The UK meat industry warns of a carbon dioxide shortage without which the food manufacturing process could come to a standstill.
Industry representatives have been in urgent talks with the government over the crisis which is a ripple effect of the soaring Europe-wide natural gas price.
CO2 is used to stun animals before slaughter as well as to vacuum package meat products – but this CO2 is the by-product of fertilizer production.
Soaring gas prices prompted UK fertilizer factories to suspend or cut production.
This means there is now a 60% shortfall in Britain’s CO2 supply – and the meat industry fears similar shutdowns will affect factories in Europe they would normally have gone to. emergency tours.
The British Meat Processors Association (BMPA) said in a statement the crisis was shaping up to be “much worse” than a previous CO2 shortage lived in 2018.
“CO2 gas plays an essential and irreplaceable role in the food and beverage manufacturing process and companies can shut down if they cannot guarantee an adequate supply,” said the BMPA.
“This means that once their current gas stocks are depleted (estimated in less than 14 days), some companies will have to stop taking animals and close production lines, which will lead to a traffic jam of animals to farms.”
This is in addition to the problems already observed in the pork industry where farms have tens of thousands of surplus pigs due to a shortage of slaughterhouse workers – after many of them have returned home to Eastern Europe.
A shortage in the vacuum packaging process, which adds up to five days of shelf life for red meat and 14 days for poultry, could pose additional problems – especially as supply chains are already congested by the shortage of Truck Drivers.
Richard Griffiths, Managing Director of the British Poultry Council, said: “With less than 100 days to Christmas and already facing growing labor shortages, the last thing UK poultry production needs is more pressure .
“If CO2 supplies become tighter and more unpredictable, supply chains will have to slow down.
“At the end of the day, no CO2 means no flow.”
The crisis comes after the closure of fertilizer factories in Cheshire and Teesside owned by the American company CF Industries as well as production cuts at ammonia plants across Europe operated by the Norwegian company Yara, including one in Hull.
BMPA Managing Director Nick Allen said: “We haven’t had any warning about the planned shutdown of fertilizer factories… and as a result, it has thrown the industry into chaos.”

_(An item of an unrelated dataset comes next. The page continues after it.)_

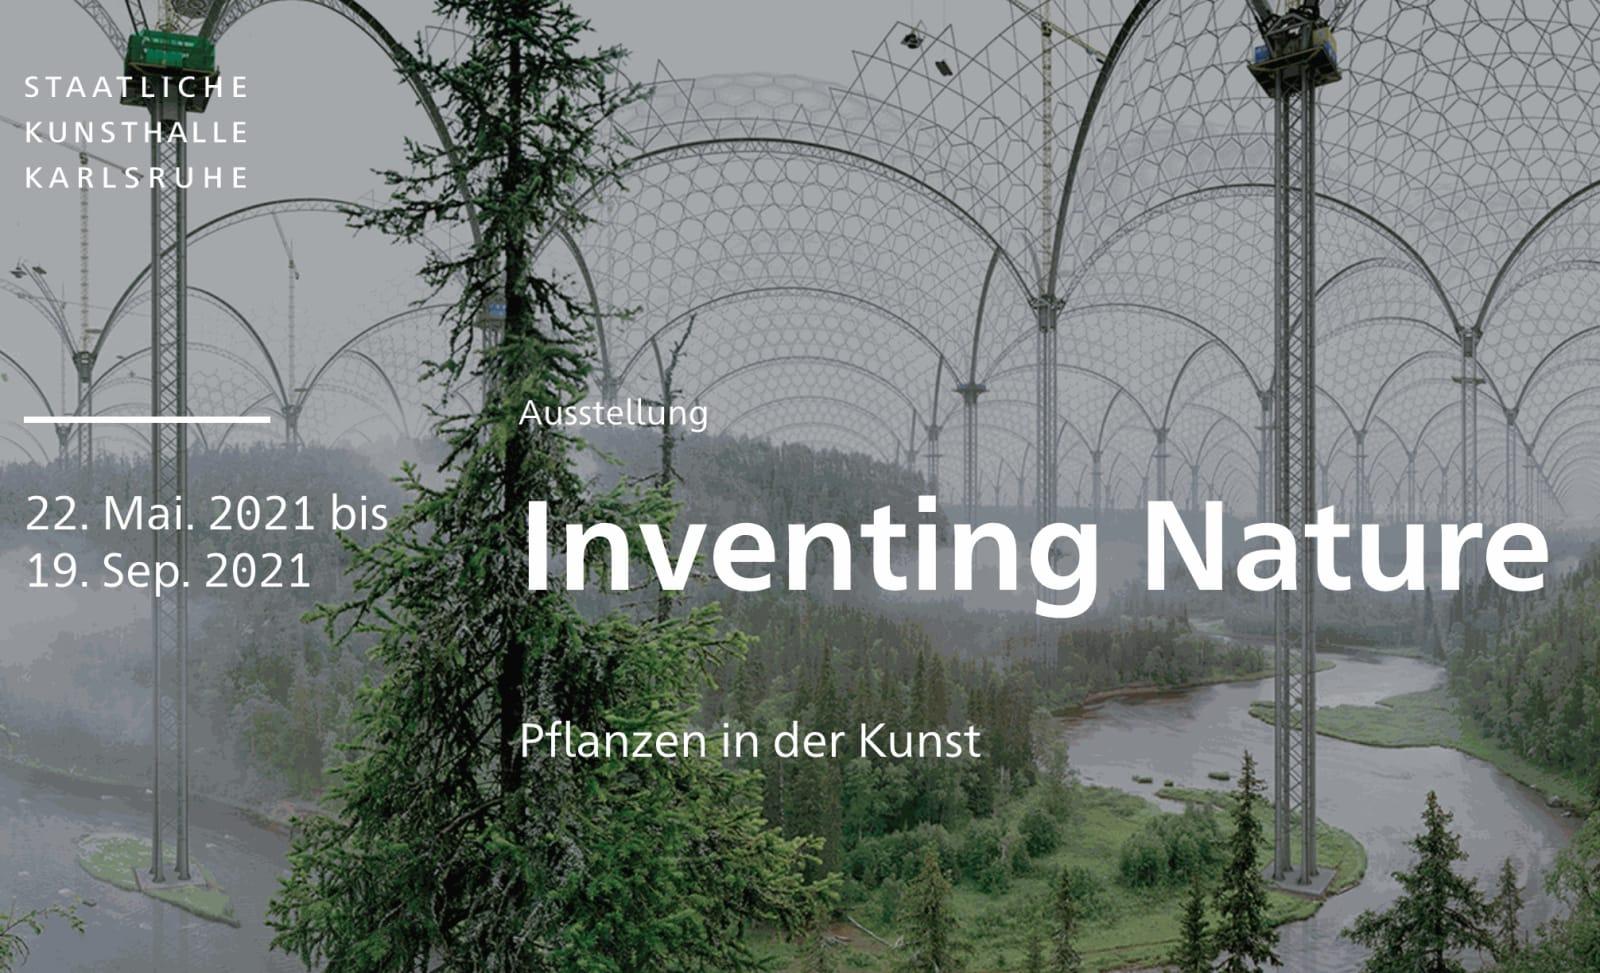 Joan Jonas Inventing Nature – Pflanzen in der Kunst (group exhibition) Staatliche Kunsthalle Karlsruhe, Karlsruhe, Germany Spring 2021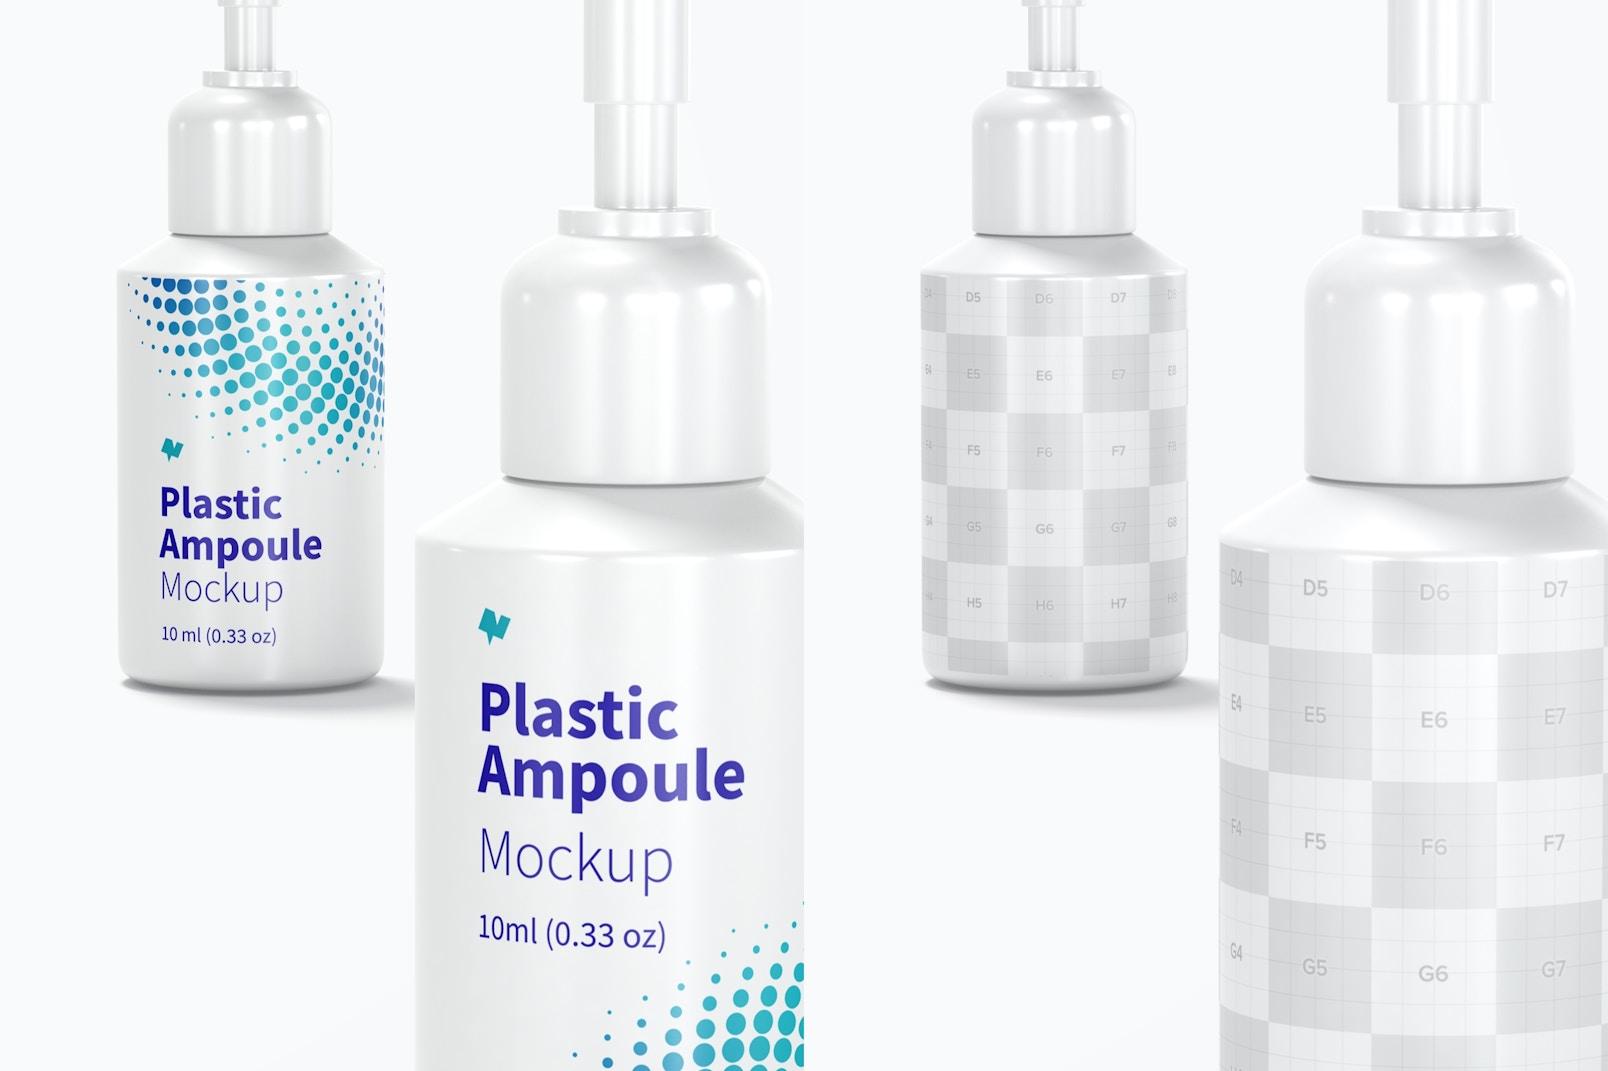 10 ml Plastic Ampoules Mockup, Close Up

The BMPA said it had talks with the government on Thursday evening and they were underway.
A government spokesperson said: “We are closely monitoring this situation and are in regular contact with food and agriculture organizations and industry, to help them deal with the current situation.
“The UK benefits from access to a wide variety of gas supply sources to ensure that households, businesses and heavy industry get the energy they need at a fair price.”